High-Order Spectral Element Methods for Wave Propagation on ARM Multicore CPU with SME: Optimizations and Implications
Pith reviewed 2026-06-27 06:09 UTC · model grok-4.3
The pith
SME optimizations on ARM LX2 deliver 4-6× speedup for spectral element wave simulations and shift to higher polynomial orders.
A machine-rendered reading of the paper's core claim, the machinery that carries it, and where it could break.
Core claim
The optimized implementation improves full-application performance by 4--6× over the original code and delivers clear gains over optimized non-SME CPU baselines at fixed polynomial order. The results suggest that SME shifts the performance-favorable operating point toward higher polynomial orders along the dispersion-based iso-accuracy frontier, further reducing time-to-solution and working-set size.
What carries the argument
SME-aware batched small-matrix kernel for SEM tensor-product operators combined with dispersion-based iso-accuracy analysis of the (h,p) tradeoff
If this is right
- Full-application performance improves by 4-6× at fixed polynomial order compared to original code.

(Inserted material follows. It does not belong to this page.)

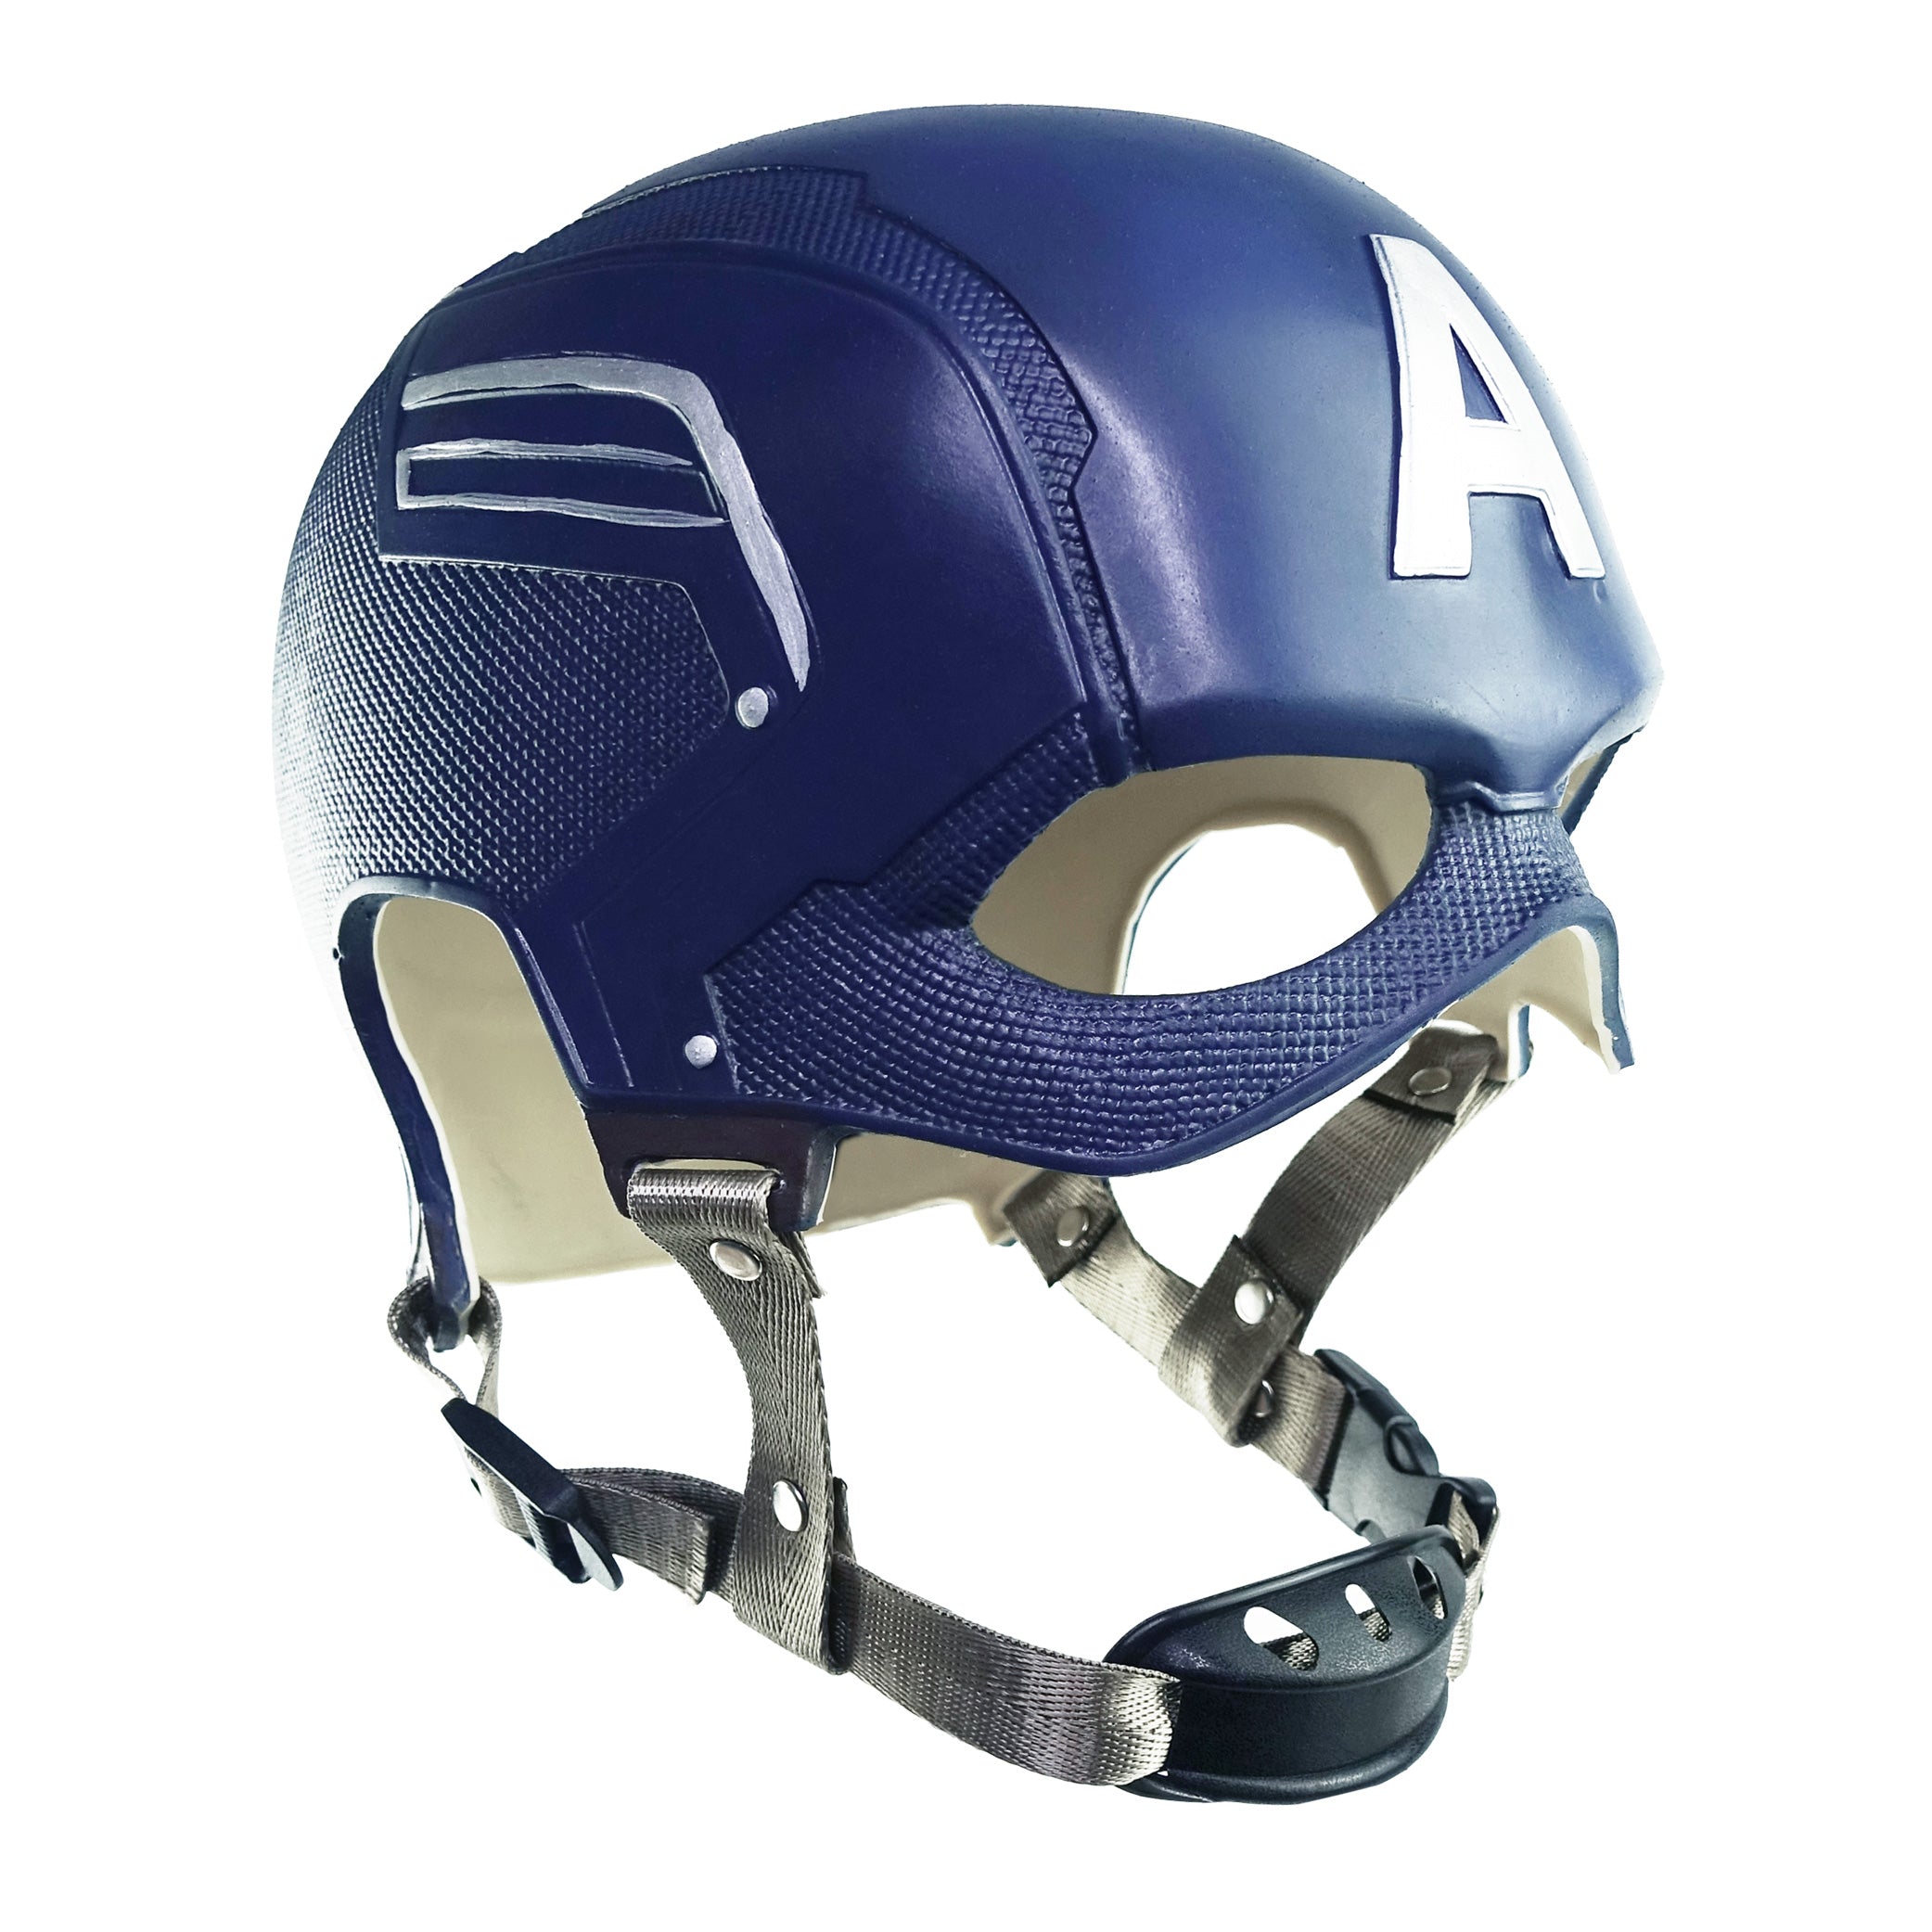 Captain America Mask Superhero Avengers Latex Cosplay for Adult Halloween Costume Accessory

- Clear gains over optimized non-SME CPU baselines.
- SME shifts the performance-favorable operating point toward higher polynomial orders.
- Time-to-solution and working-set size are further reduced.

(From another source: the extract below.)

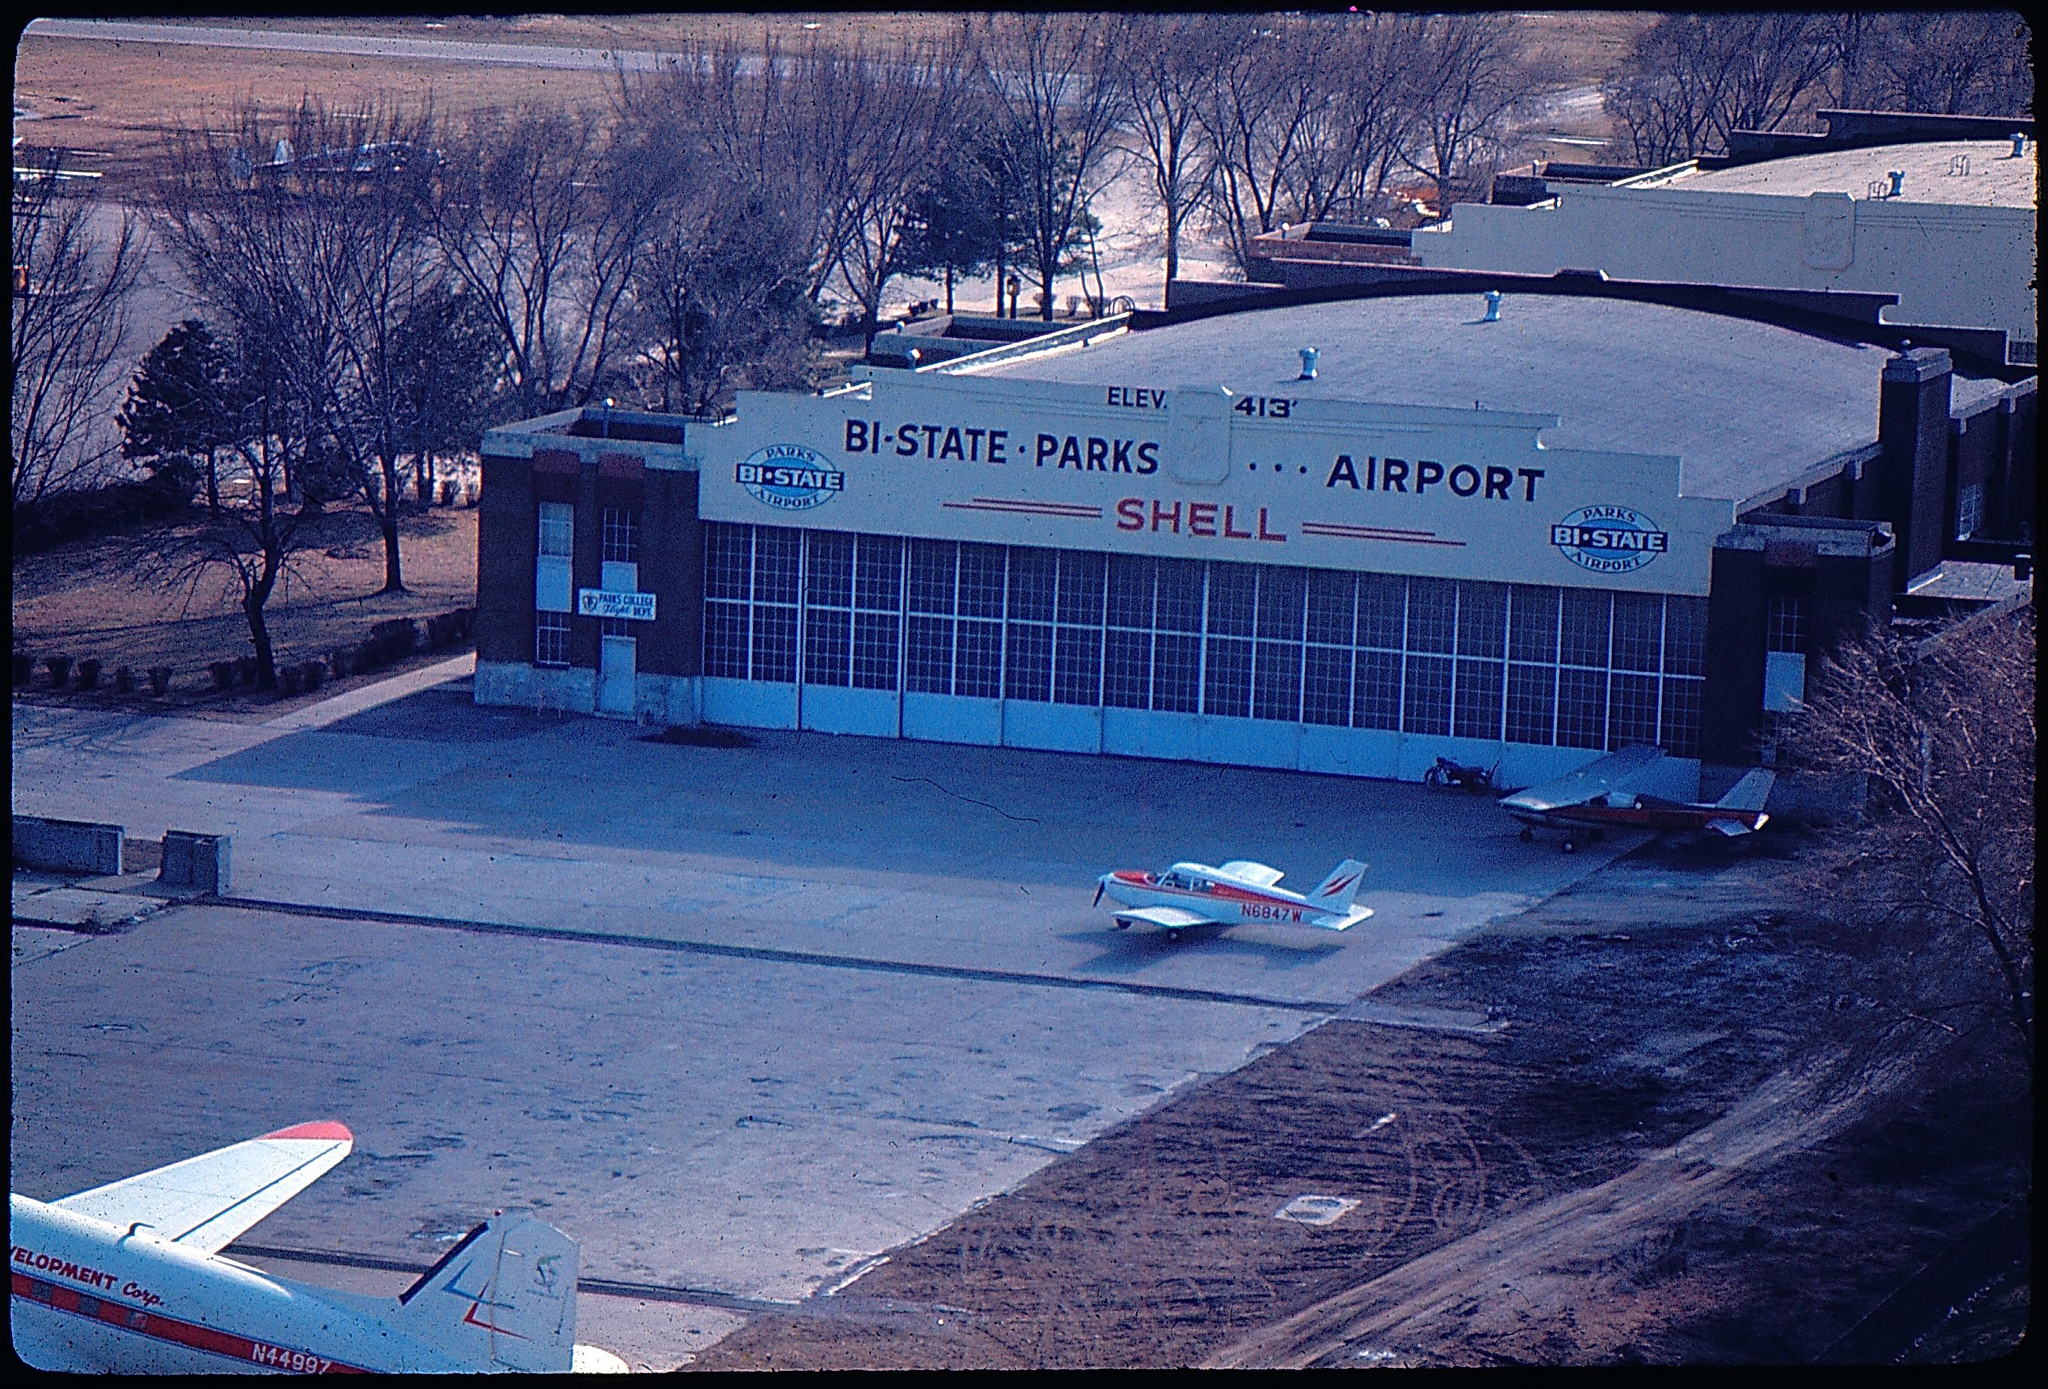 Bi-State Parks Airport

- The practical discretization tradeoff for SEM changes on modern ARM multicore platforms.
Where Pith is reading between the lines
- This approach might generalize to other matrix-extension equipped processors beyond the LX2.
- Similar optimizations could affect discretization choices in other high-order methods like discontinuous Galerkin.
- Hardware features like SME may require rethinking standard performance models for PDE solvers.
- Testing on larger problem sizes could confirm the memory-aware scheme's benefits.
Load-bearing premise
The batched SME-aware small-matrix kernel and memory-aware hybrid MPI+OpenMP scheme can be implemented correctly on the LX2 processor without introducing numerical errors or hidden performance penalties, and the dispersion-based iso-accuracy analysis accurately captures the accuracy behavior of the full application across the tested (h,p) combinations.
What would settle it
Running the optimized code on the LX2 processor and measuring less than 4× speedup at fixed order, or observing no shift in the iso-accuracy performance point toward higher p, would falsify the central performance claims.
Figures
read the original abstract
Wave propagation based on the spectral element method (SEM) is a representative HPC workload, but existing SEM implementations are not well matched to emerging ARM multicore CPUs with Scalable Matrix Extension (SME). We present an SME-enabled optimization of \textsc{SPECFEM3D} on the emerging LX2 processor that combines an SME-aware batched small-matrix kernel for SEM tensor-product operators, a memory-aware hybrid MPI+OpenMP execution scheme for limited-HBM systems, and a dispersion-based iso-accuracy study of the $(h,p)$ tradeoff. At fixed polynomial order, the optimized implementation improves full-application performance by 4--6$\times$ over the original code and delivers clear gains over optimized non-SME CPU baselines. Beyond these implementation-level gains, our results suggest that SME shifts the performance-favorable operating point toward higher polynomial orders along the dispersion-based iso-accuracy frontier, further reducing time-to-solution and working-set size. These results indicate that SME affects not only kernel efficiency, but also the practical discretization tradeoff for SEM on modern ARM multicore platforms.
Editorial analysis
A structured set of objections, weighed in public.
Referee Report
Summary. The manuscript presents an SME-enabled optimization of SPECFEM3D on the LX2 ARM processor. It combines an SME-aware batched small-matrix kernel for SEM tensor-product operators, a memory-aware hybrid MPI+OpenMP execution scheme for limited-HBM systems, and a dispersion-based iso-accuracy analysis of the (h,p) tradeoff. The central empirical claims are that, at fixed polynomial order, the optimized code achieves 4--6× full-application speedup over the original implementation and outperforms optimized non-SME baselines, while SME shifts the performance-favorable operating point toward higher polynomial orders along the iso-accuracy frontier, reducing time-to-solution and working-set size.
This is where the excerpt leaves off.